The ILL neutron scattering facilities provide an indispensable analytical tool for the analysis of the structure of novel conducting and magnetic materials for future electronic devices, the measurement of stresses in mechanical materials, and investigations into how complex molecular assemblies behave, particularly in a biological environment. The ILL also tackles questions relating to the fundamental properties of matter.
The institute was founded by France and Germany, with the United Kingdom becoming the third major partner in 1973. These partner states provide, through research councils, the bulk of its funding. Ten other countries have since become partners. Scientists of institutions in the member states may apply to use the ILL facilities, and may invite scientists from other countries to participate. Experimental time is allocated by a scientific council involving ILL users. The use of the facility and travel costs for researchers are paid for by the institute. Commercial use, for which a fee is charged, is not subject to the scientific council review process. Over 750 experiments are completed every year, in fields including magnetism, superconductivity, materials engineering, and the study of liquids, colloids and biological substances.

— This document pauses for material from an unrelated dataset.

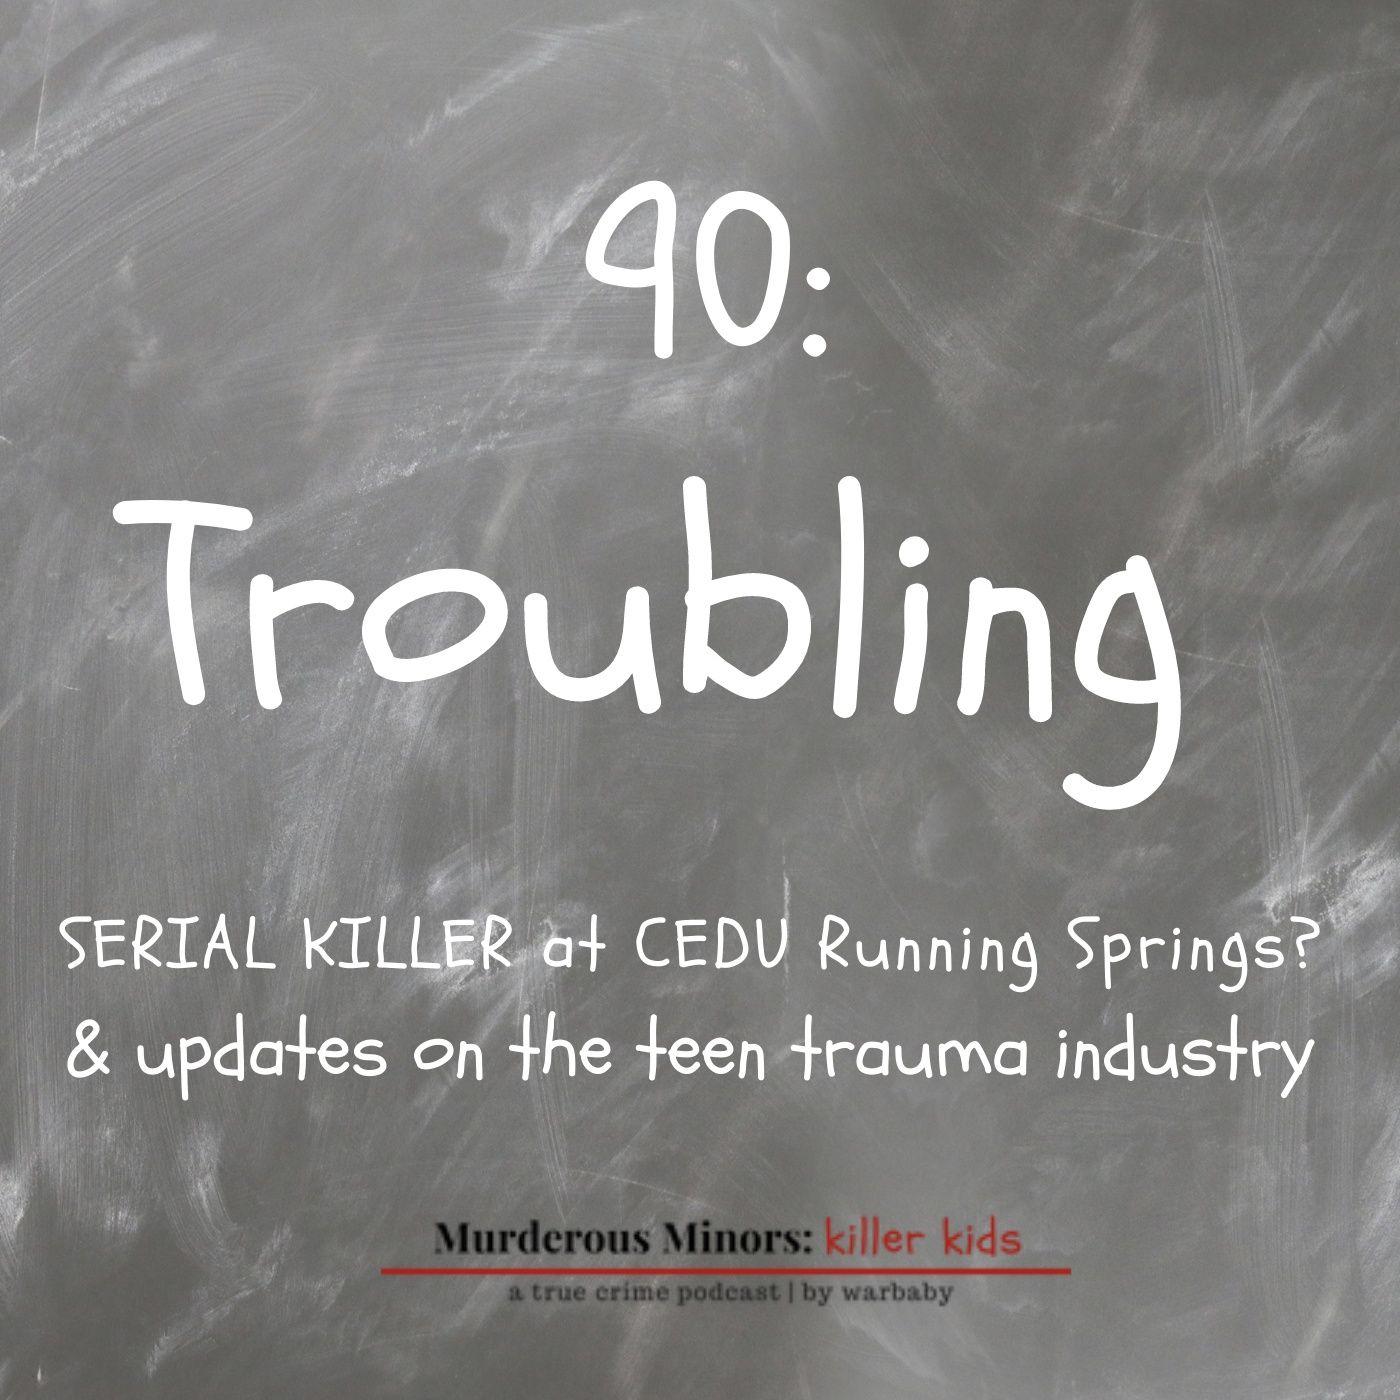 Troubling - Serial Killer at CEDU Running Springs?

The high-flux research reactor produces neutrons through fission in a specially designed, compact-core fuel element. Neutron moderators cool the neutrons to useful wavelengths, which are then directed at a suite of instruments and used to probe the structure and behaviour of many forms of matter by elastic and inelastic neutron scattering, and to probe the fundamental physical properties of the neutron. Nothing goes to waste: Fission products and gamma rays produced by nuclear reactions in the reactor core are also used by specialised instruments, which forms an important part of the instrument suite.
An ambitious modernisation programme was launched in 2000, through the design of new neutron infrastructure and the introduction of new instruments and instrument upgrades. The first phase has already resulted in 17-fold gains in performance. The second phase has started in 2008, it comprises the building of 5 new instruments, the upgrade of 4 others, and the installation of 3 new neutron guides.
The ILL shares its site, the 'epn science campus', with other institutions including the European Synchrotron Radiation Facility (ESRF) and the European Molecular Biology Laboratory (EMBL) and the Unit for Viral Host Cell Interactions (UVHCI).